Ruling: Pl demands that def return 10,000 NIS that a municipality mistakenly gave him for a Purim program she ran as the sides were parting, for which she billed the municipality and paid taxes, after she did the program without the help she asked for from def. Def explained why he was unable to provide the help and claimed that, in any case, based on the timing, the money belongs to him. Ruling: Based on beit din’s arrangements for transfer of the business, all monies received for services rendered before May 1 belong to def. It does not make a difference if def helped or did not. If pl (improperly) sent the municipality an invoice which resulted in her paying taxes, she caused herself the problem and does not receive compensation.

Pl demands half of the income from special events, which netted 189,000 NIS, based on an oral agreement due to the fact that pl was not being paid profits.

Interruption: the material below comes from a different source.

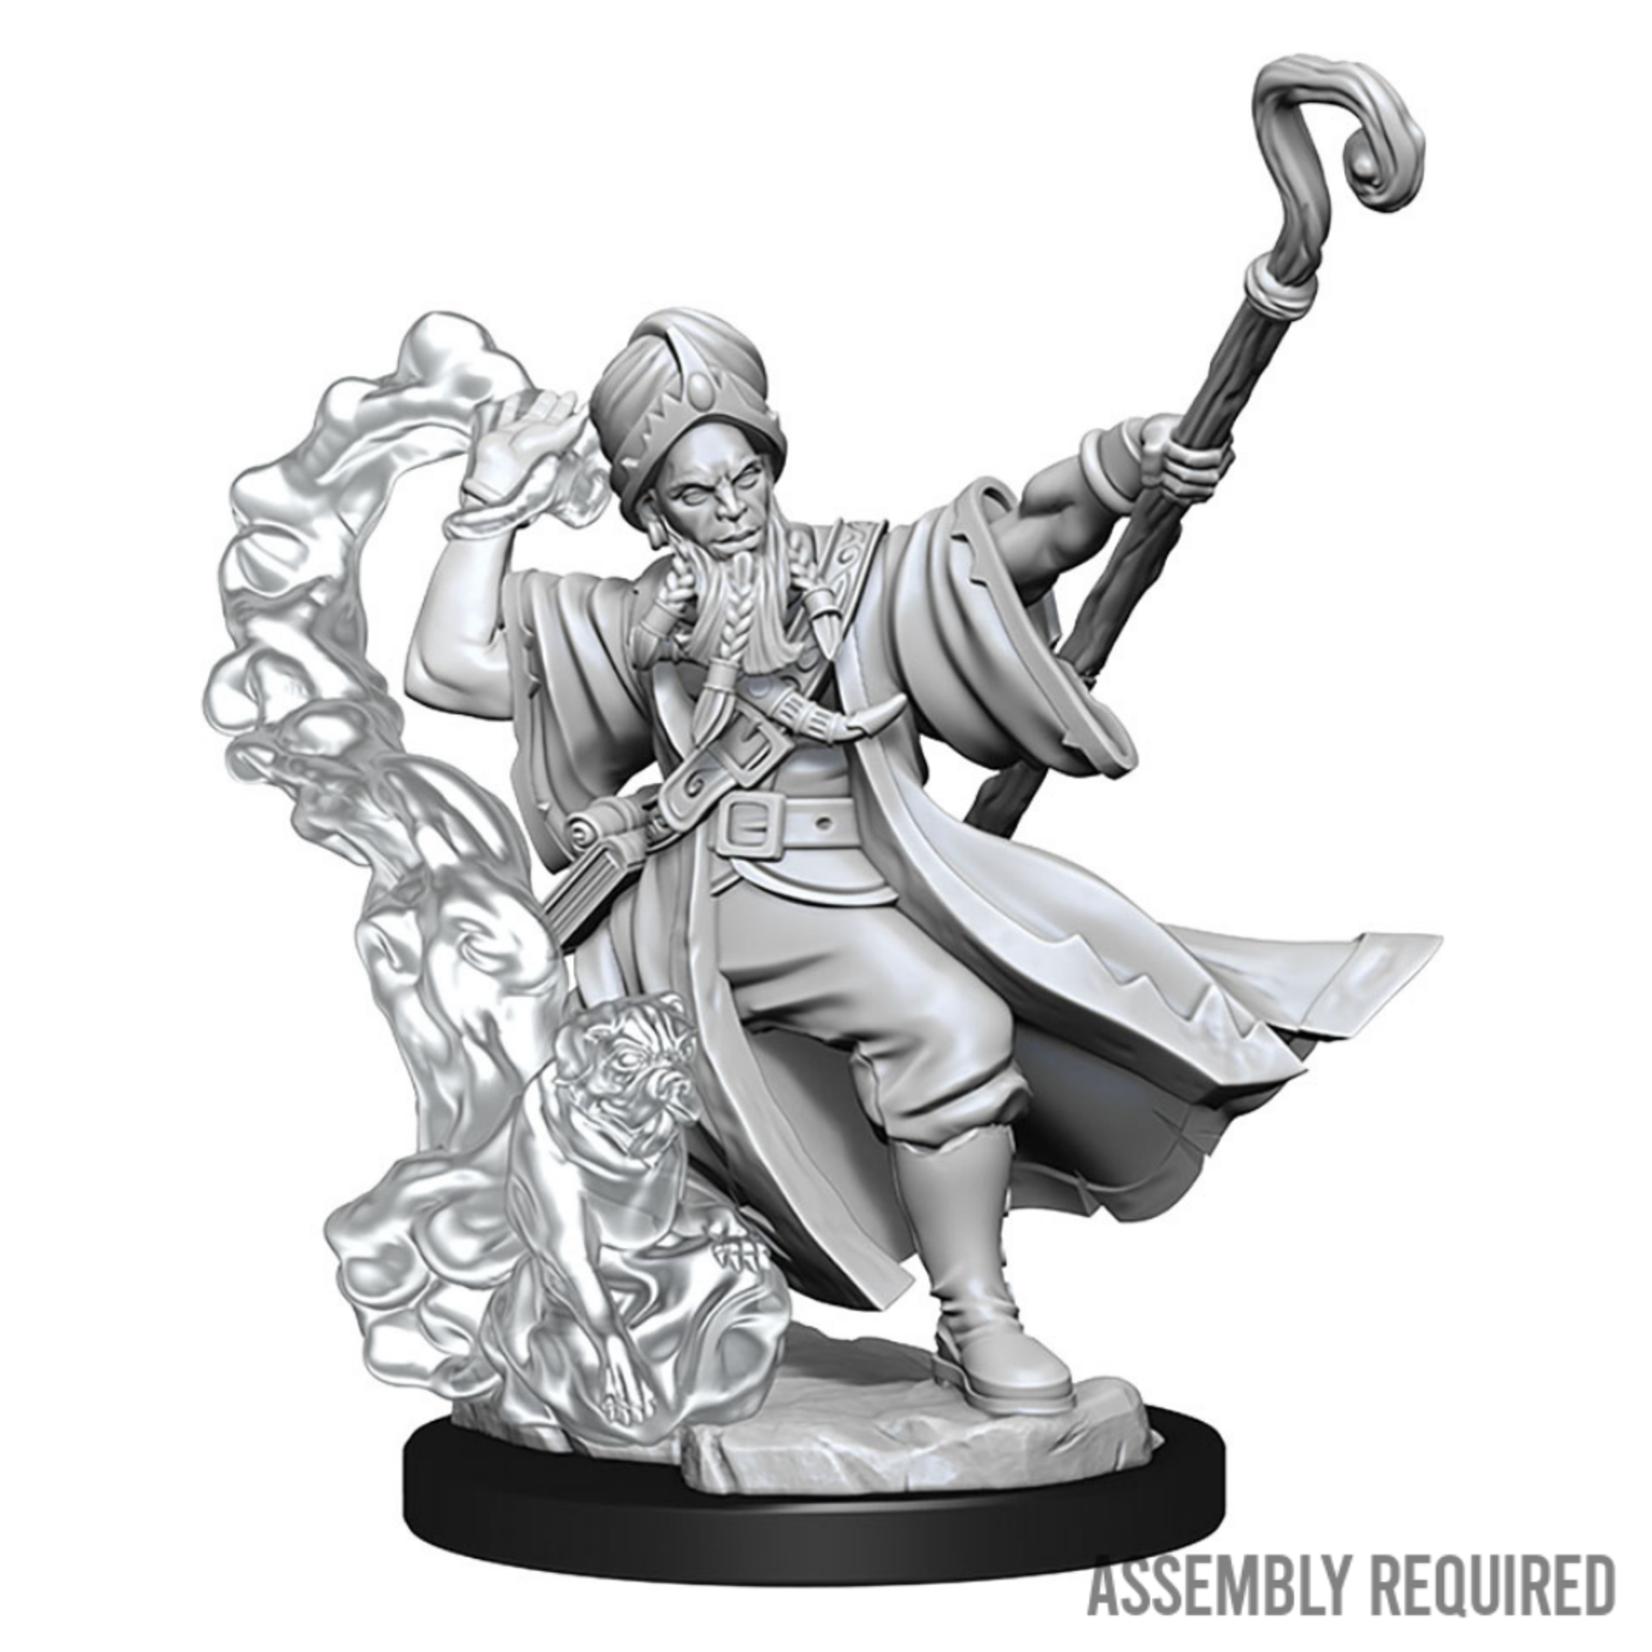 WizKids Wizkids Dungeons and Dragons Frameworks: Human Wizard Male W01 (Preorder)

Def denies such an agreement. Ruling: A few factors weaken pl’s claim. There is no circumstantial evidence of such an agreement or of an early claim of that money. Pl raised the claim in beit din at a late point in the adjudication. The sides’ written agreement lists such events as a basic obligation of pl, not a special, additional one. We also reasoned that pl might have made up for doing less therapy than expected by doing more of other things, such as special projects. Therefore, without substantiation, pl will not get anything from this claim.

Pl’s husband provided many services for the center and allowed it to use his property and has not gotten paid; the value of these is scores of thousands of NIS. Def’s only response was that the claim was made too late. Ruling: The Rama (Choshen Mishpat 264:4) rules that when one does a service for his fellow without being asked, we normally assume that he is to be paid, not that he was doing it for free. The Chatam Sofer (Shut V:119) says that delay in requesting pay is not an indication of waiving his rights. However, pl, in her summary of claims, explained that since the work had been done under false pretenses (regarding the chances of pl receiving profit), she can ask for money now. This means that she admits mechila previously, and she did not sufficiently prove the false pretenses. Additionally, the recipient of the award would be pl’s husband, but he is not a litigant in our proceedings. Therefore, there is no award of payment.